Build the right team

To make sure the solution can be built and operated, the first thing organisations need is a team with the right mix of skills. If you don’t have these capabilities in-house, you can get support either through AWS Professional Services, such as with the regulated landing zone offering, or with AWS Partners who have specific LZA offerings.

However, if you are planning on implementing the solution using your own organisation’s capabilities, we recommend the following skills:

Skillset Small Organisation Medium Organisation Enterprise
Agile delivery lead 0 0 >=1
Product owner 0 0 >=1
Team technical lead 0 1 >=1
Security and identity engineer 1 1 >=1
Network engineer 1 1 >=1
DevOps 1 1 >=2

Be clear about what you want to achieve

For organisations that are implementing a landing zone to support workloads beyond small experiments, you should document what outcomes you are trying to enable with the solution. Ideally this will be linked back to a broader business/cloud strategy which defines the business outcomes that should be achieved by adopting the cloud. This helps galvanise disparate teams to aid in consistent decision making, and deliver value truly aligned to an organisation’s mission. These outcomes should be mapped to metrics that help evidence success. For example:

Delivery

  • Reduce time to onboard teams/developers to cloud
  • Reduce time for workload assurance

Reliability

  • Improve visibility into potential resilience weaknesses
  • Reduce resilience weaknesses
  • Improve availability service level agreements (SLAs)

Security

  • Increase visibility into compliance status of cloud resources
  • Reduce number of non-compliant resources
  • Improve local administrator and central security team visibility of security events
  • Reduce incident response resolution time

Operations

  • Reduce resource requirements to deliver core platforms to organisation
  • Decrease inter-team dependencies
  • Increase ownership and responsibility

Identify the workloads that drive value

A landing zone without any workloads delivers no value to the business. This might sound obvious, but it’s surprising how often we see organisations create a foundation without understanding what they will be building in it. The landing zone exists to help your teams deliver workloads more securely, reliably, and efficiently, removing burden from delivery teams, whilst helping the organisation meet its governance and compliance objectives.

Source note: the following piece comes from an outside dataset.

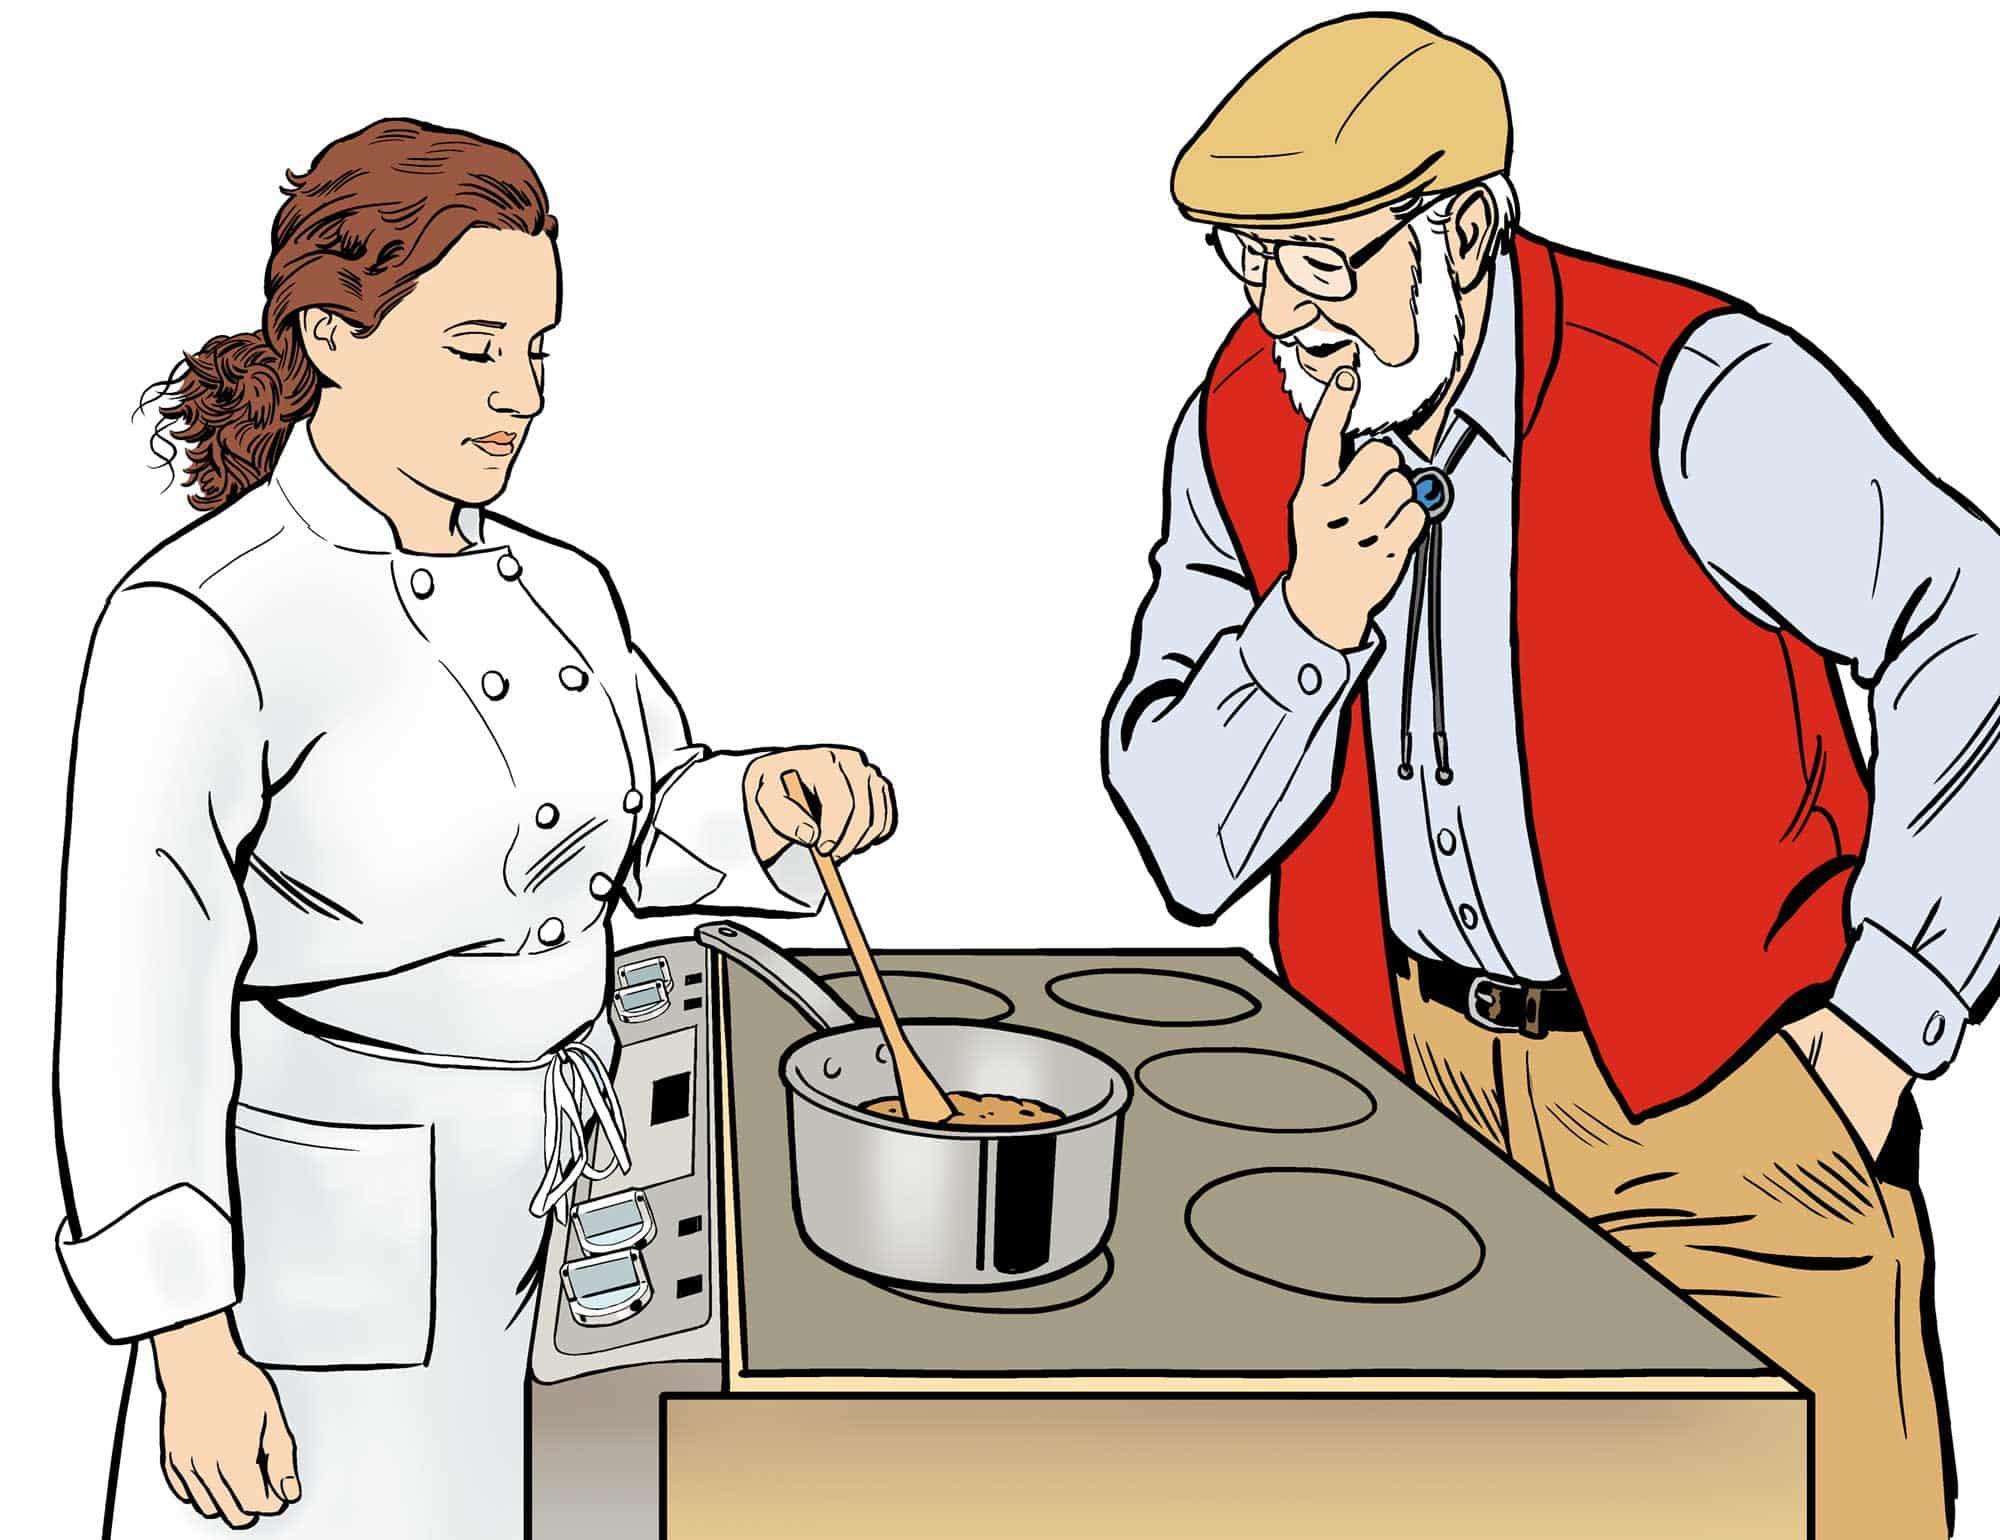 KH3708B-chefs-kitchen-lab

Once you have formed the team delivering your cloud foundation, you can use the following guidance to help implement the solution.

Implementing the Landing Zone Accelerator on AWS for UK public sector customers

 With the appropriate skillsets and objectives aligned, UK public sector organisations can use the following guidance to implement the LZA solution and use it to help align their workloads to NCSC guidance.

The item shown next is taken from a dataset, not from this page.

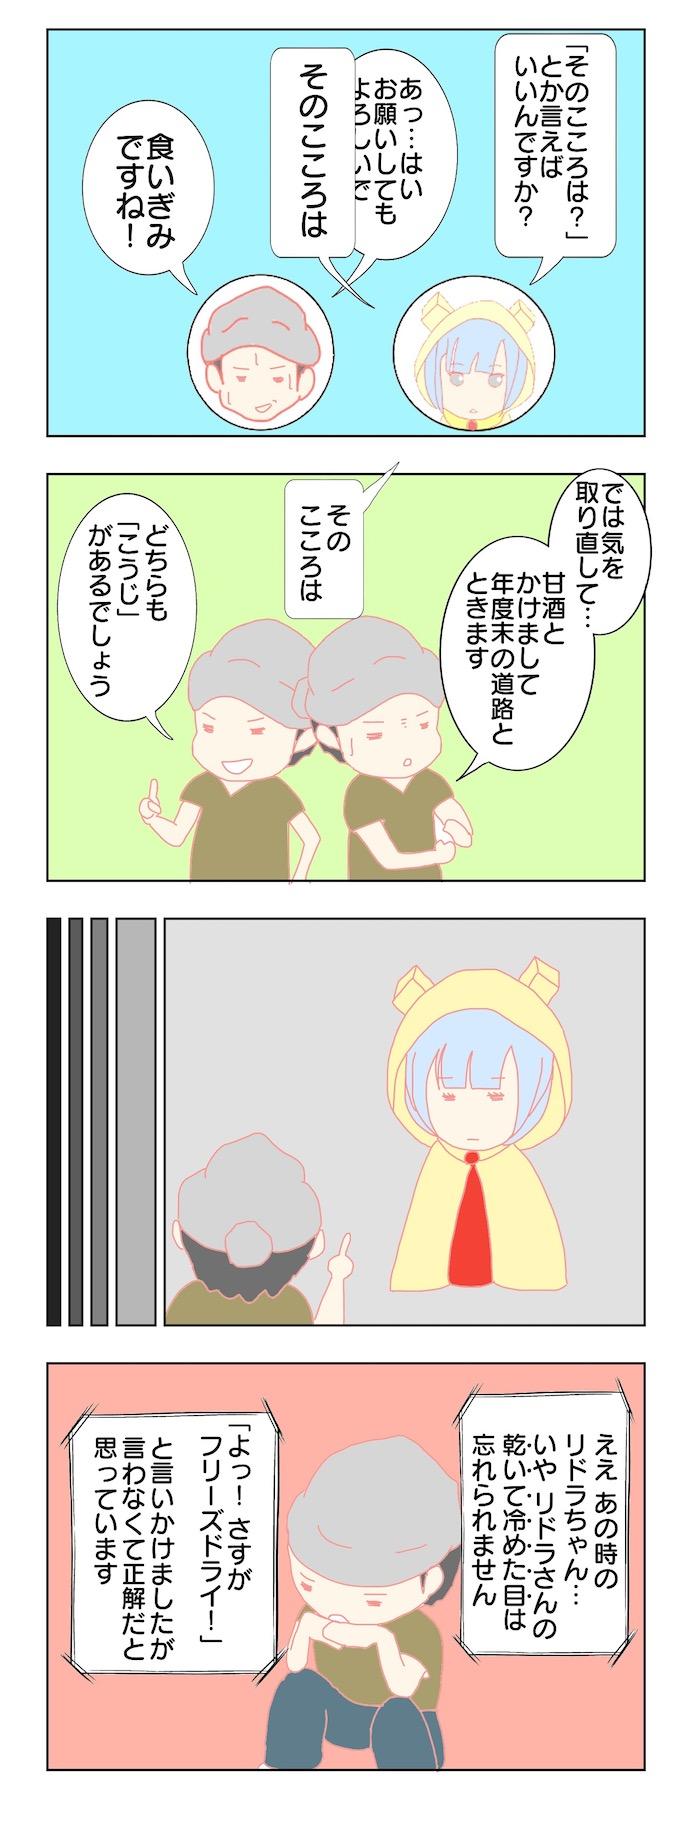 キムケン漫画2

Review the solution documentation and baseline architecture

First, read through the LZA solution overview and LZA operations guidance.

Then, read through standard configuration architecture to understand the design and make sure it meets your own organizational requirements. The AWS LZA standard configuration helps UK customers better align with NCSC’s guidance on using a cloud securely by deploying AWS architecture, security and services selected with an eye to NCSC principles. Customers can start with this configuration and customise it to meet their specific organizational needs.

Follow the LZA guidance in the Deploy the solution section of the implementation guide.

Once the installation is complete, LZA creates breakglass users as per NCSC guidance. Organisations should consider enabling multi-factor authentication (MFA) to protect these highly privileged accounts. In the LZA management account, follow the AWS documentation enabling MFA for users, to add MFA to breakGlassUser01 and breakGlassUser02 and the root user in the management account.

As per the NCSC, alerting should also be configured to warn administrators when the accounts are used. To do this, update the security-config.yaml with the following guidance.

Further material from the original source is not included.